When the model is simulated, the Monte Carlo makes successive random draws of values, or “what-ifs,” from the annual operating profit and launch cost distributions. The simulation of successive random values is an emulation of the range of values of scenario forecasts, each with variations of the project assumptions. The Monte Carlo simulation generates a succession of “what-if ” net profit scenarios (a minimum of 500 draws or “trials” is recommended), each of which is valued using NPV mathematics, and is treated as a plausible cash flow forecast.

Figure 1

Figure 1.—Three operating profit scenarios are envisioned.

Table 4.—Optimistic and Pessimistic Business Case

table 4 border=0

Datar–Mathews Real Option Valuation Model

The relatively recent (2001) Datar–Mathews option pricing model attempts to provide a more transparent and intuitive approach to valuing project options. The D–M Method (U.S. Patent 6862579, © Boeing), as it is called, can be understood as an extension of the NPV multi-scenario Monte Carlo model with an adjustment for risk-aversion and economic decision-making.

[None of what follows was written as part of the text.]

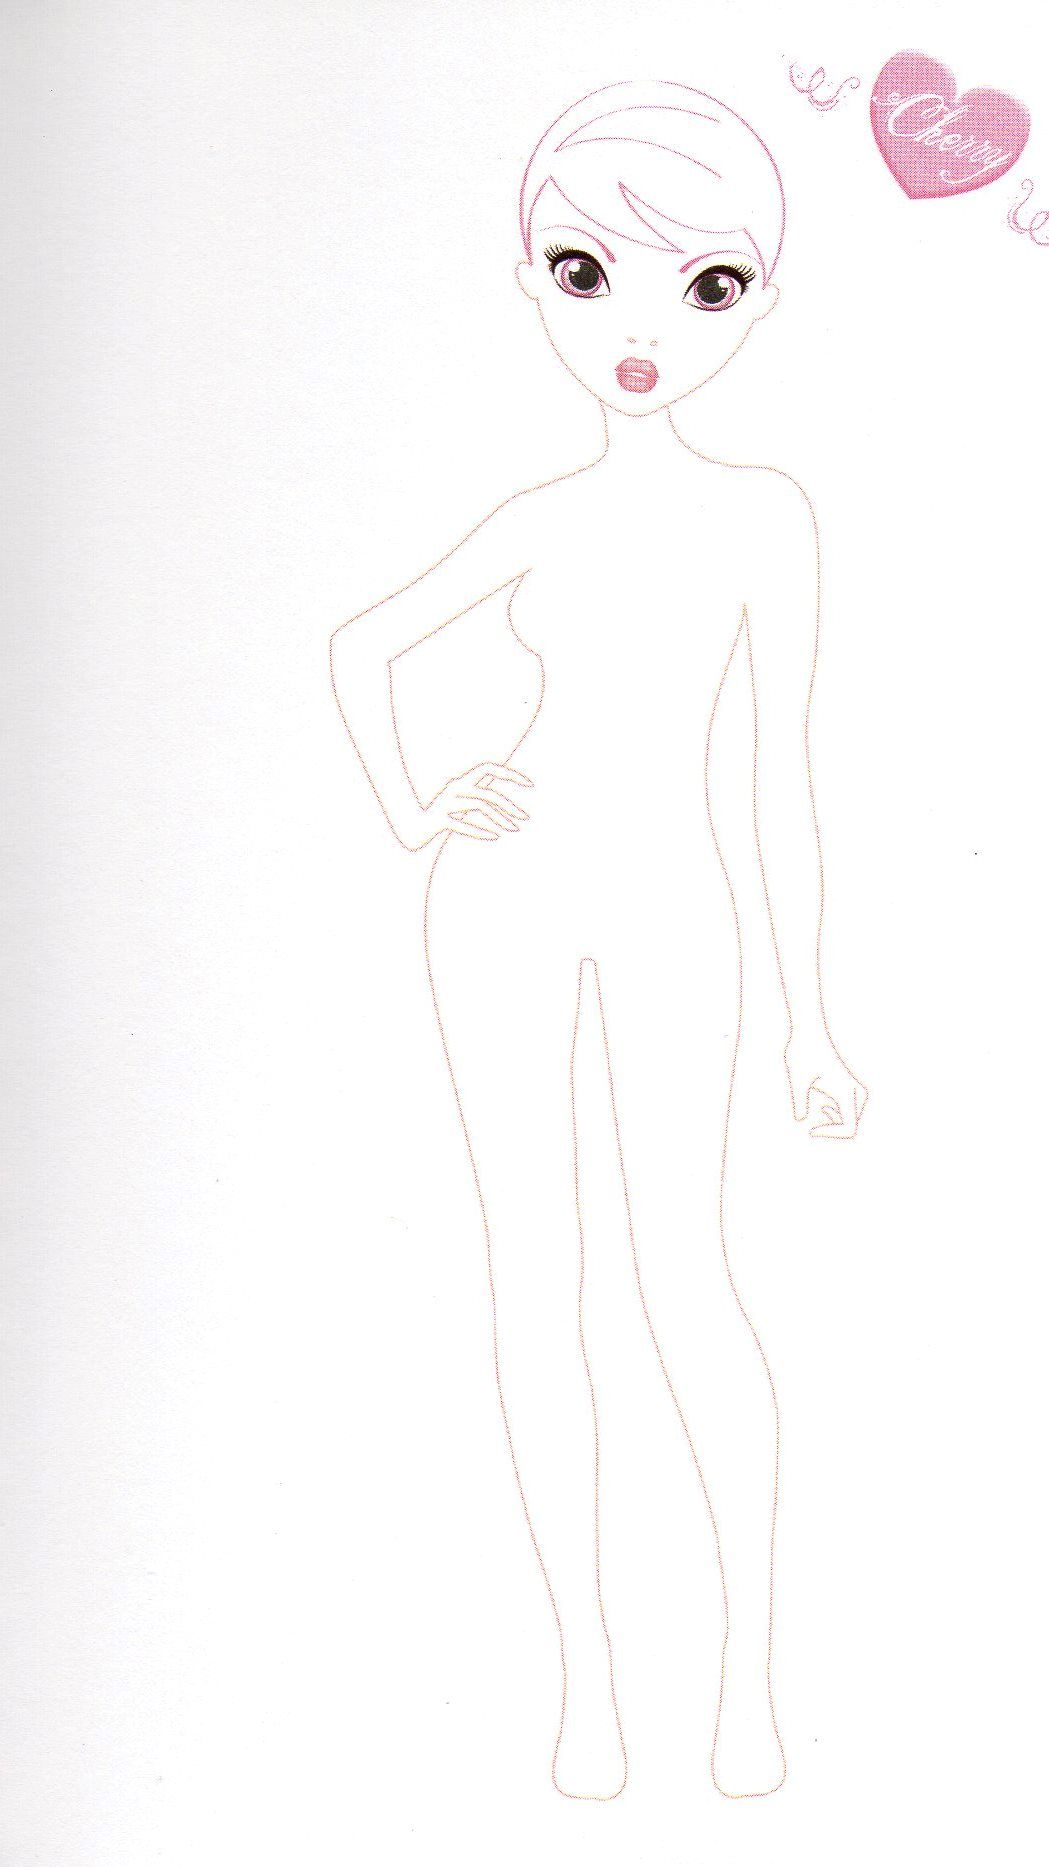 Ausmalbilder Topmodel Talita : Imagina Su Vestuario Top Model Biz Pinterest

The D–M Method uses two discount rates:

1. rp = 15%, the hurdle rate, for the project operating profits, those cashflows that are at market risk.

2. rf = 5%, for investments that are relatively secure and over which the corporation has fairly extensive control, such as the launch cost.

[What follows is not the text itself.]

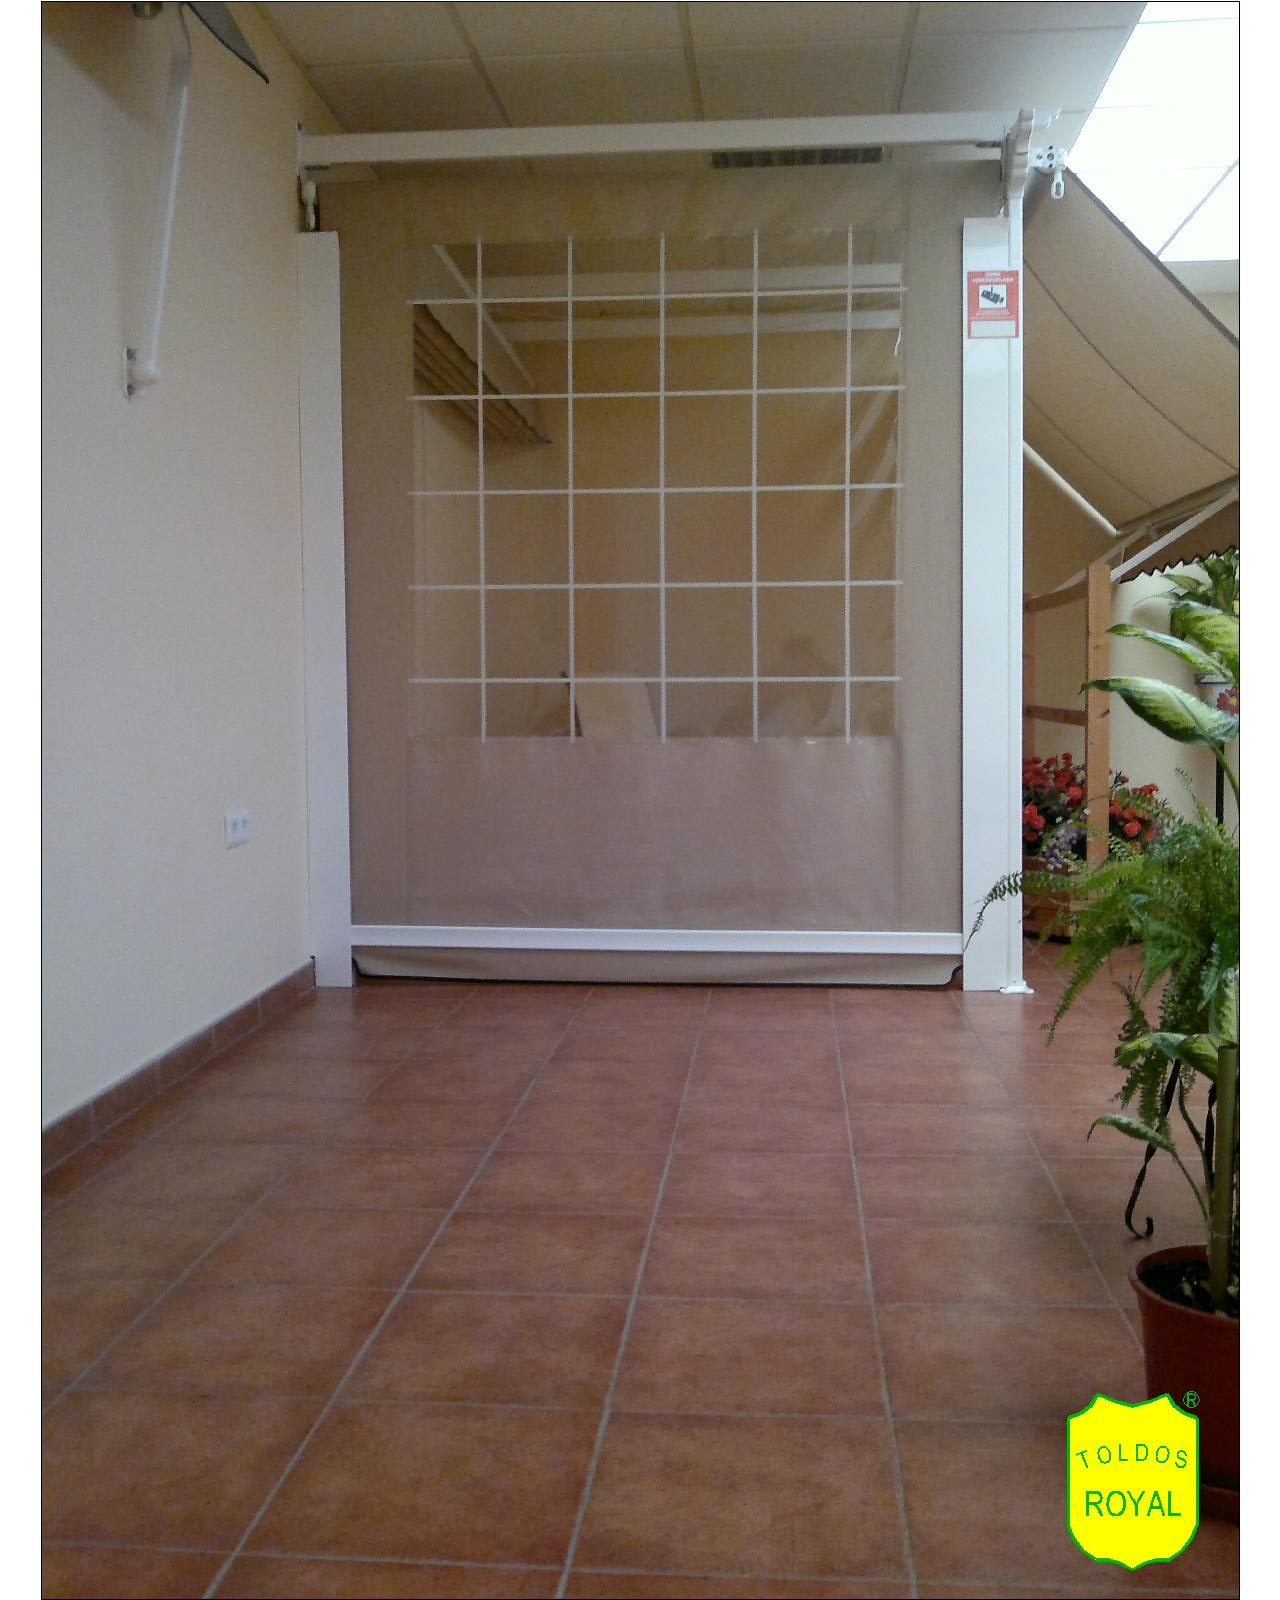 Estructura de toldos modelo t nel plegable toldos for Estructura de toldo

In advanced financial analyses, it is fairly common to discount various cash flows in accordance with the risk to those cash flows. The differential discount rate implicitly allows the D–M Method to correctly ‘risk-adjust’ the project value, accounting for the differing risks (3) within the project. The operating profits and the launch cost distribution ranges are both simulated with Monte Carlo, and discounted to Year 0. The net profit is the difference between the two discounted cashflows (OperatingProfits − LaunchCost). The result is the Year 0 net profit present value distribution (histogram) for the hundreds of cash flow scenario trials shown in Figure 3.

The project manager must be financially rational for the investments in the air freighter project (see Figure 4). The Terminated Outcomes section on the left tail of the present value distribution represents those scenarios in which the discounted launch cost is anticipated to exceed the operating profits. In these instances of negative net profit, the rational choice is to avoid potential substantial losses by terminating the project. The effect is as if operating profit and launch cost cash flows were zeroed out for these scenarios. On the other hand, the solid section on the right tail of the present value distribution indicates a successful project forecast. The right tail corresponds to the 32 percent of scenarios with a positive NPV outcome where the discounted operating profits exceed the launch cost.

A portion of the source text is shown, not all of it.